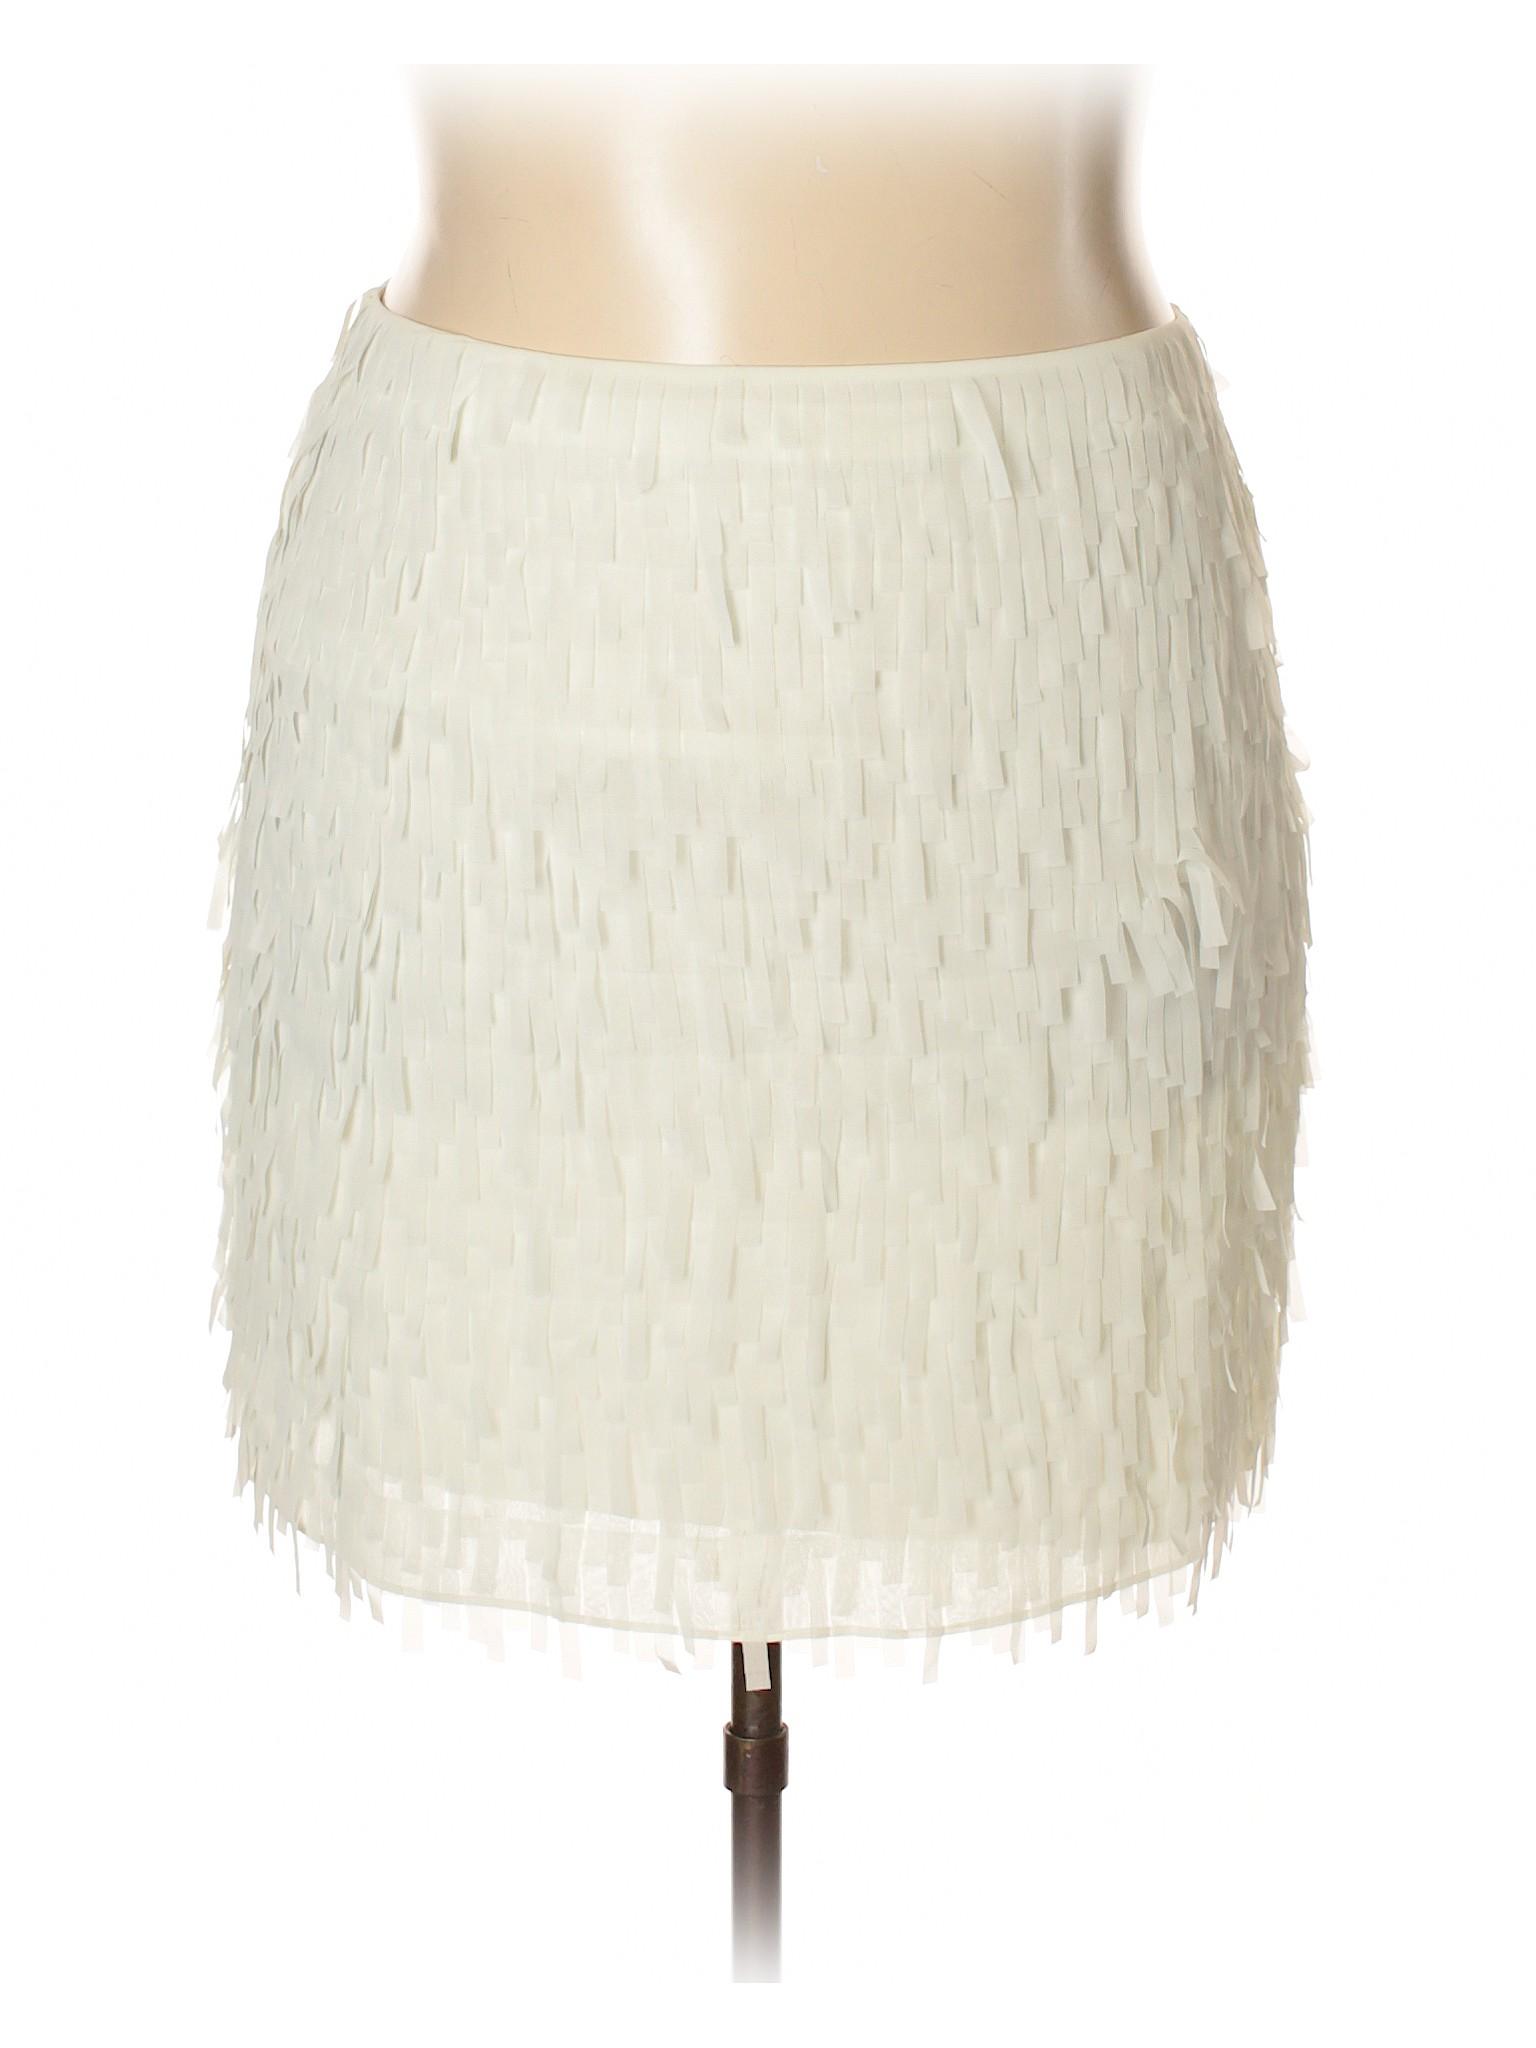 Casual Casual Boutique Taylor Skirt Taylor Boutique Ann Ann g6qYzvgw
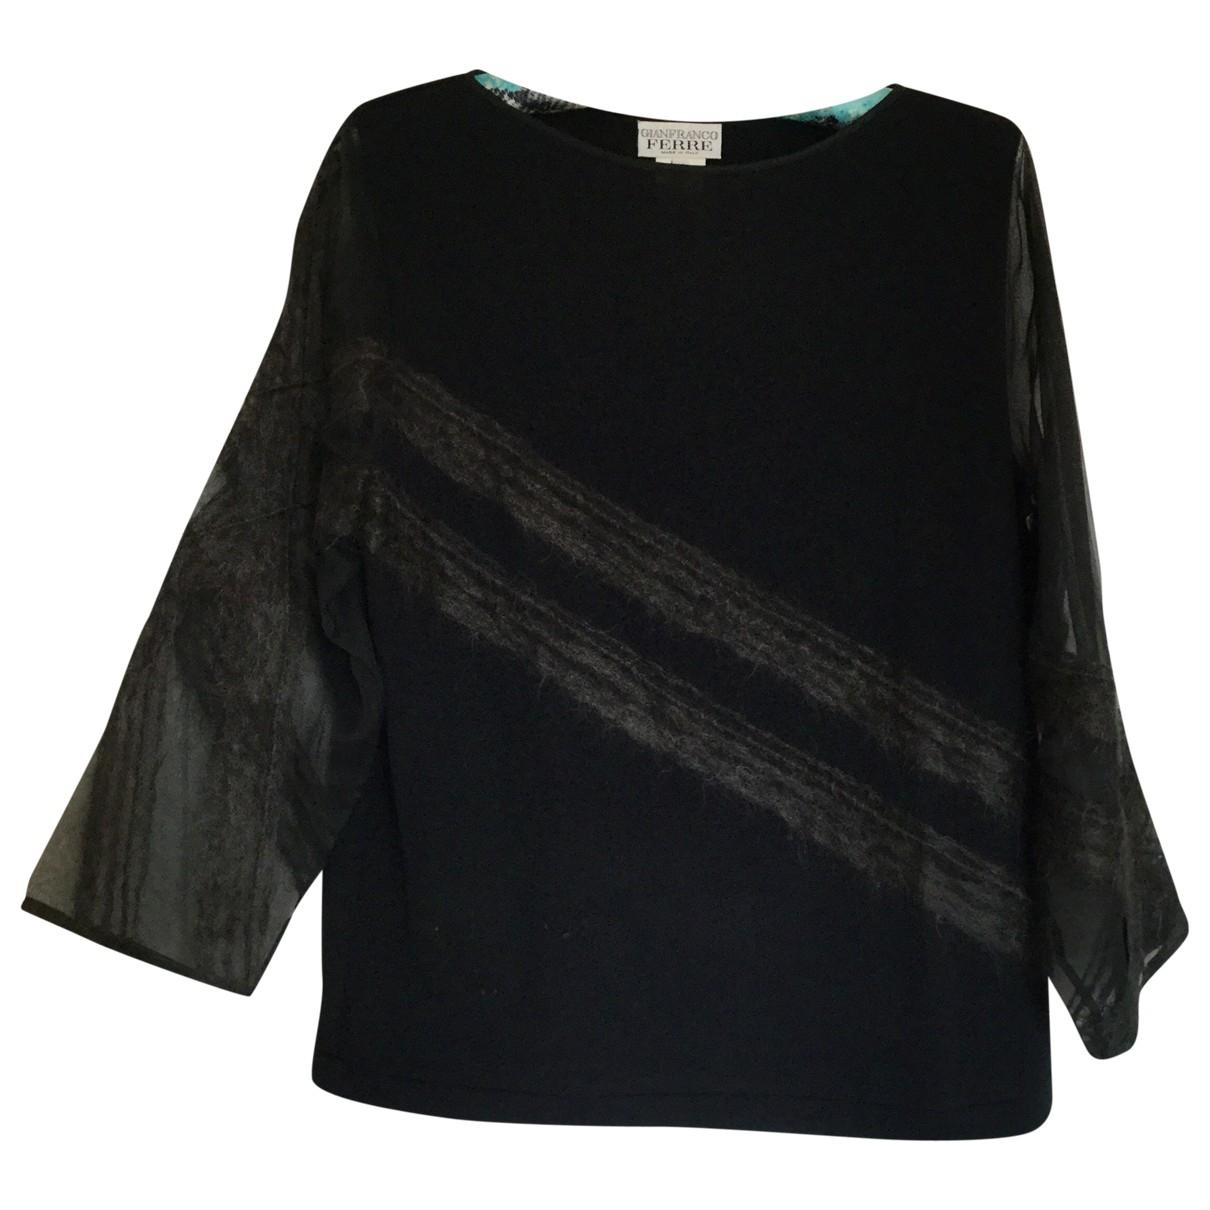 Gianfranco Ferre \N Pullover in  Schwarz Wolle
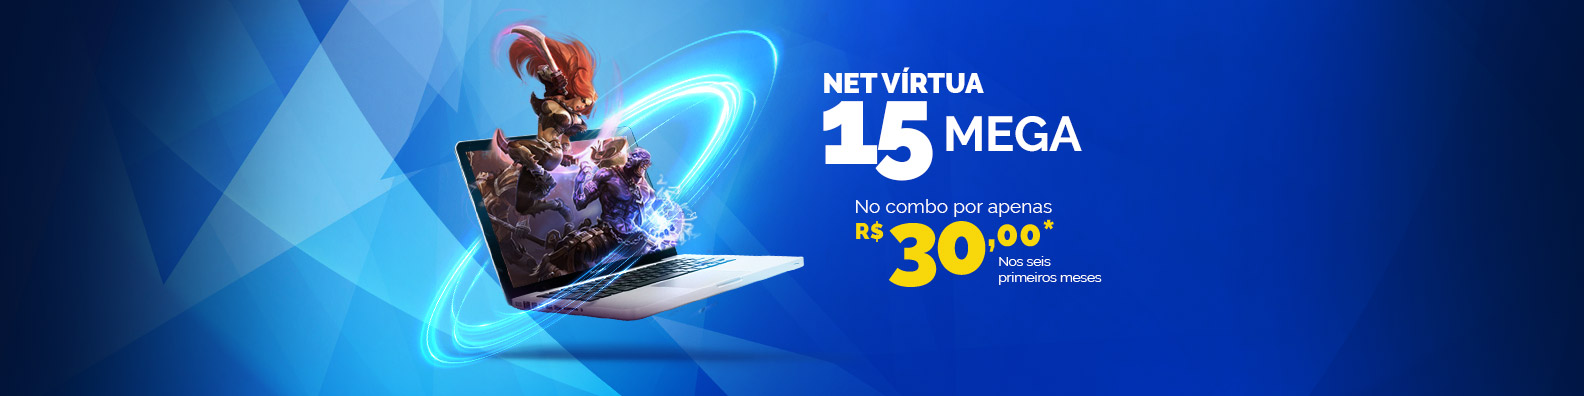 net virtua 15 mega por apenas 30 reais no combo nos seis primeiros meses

• ASSIGNMENT:
Pictures aside, please output the whole listing exactly as it appears above.

• THE COMPLETED TASK:
 Casual Casual Boutique Taylor Skirt Taylor Boutique Ann Ann g6qYzvgw
 Gianfranco Ferre \N Pullover in  Schwarz Wolle
 net virtua 15 mega por apenas 30 reais no combo nos seis primeiros meses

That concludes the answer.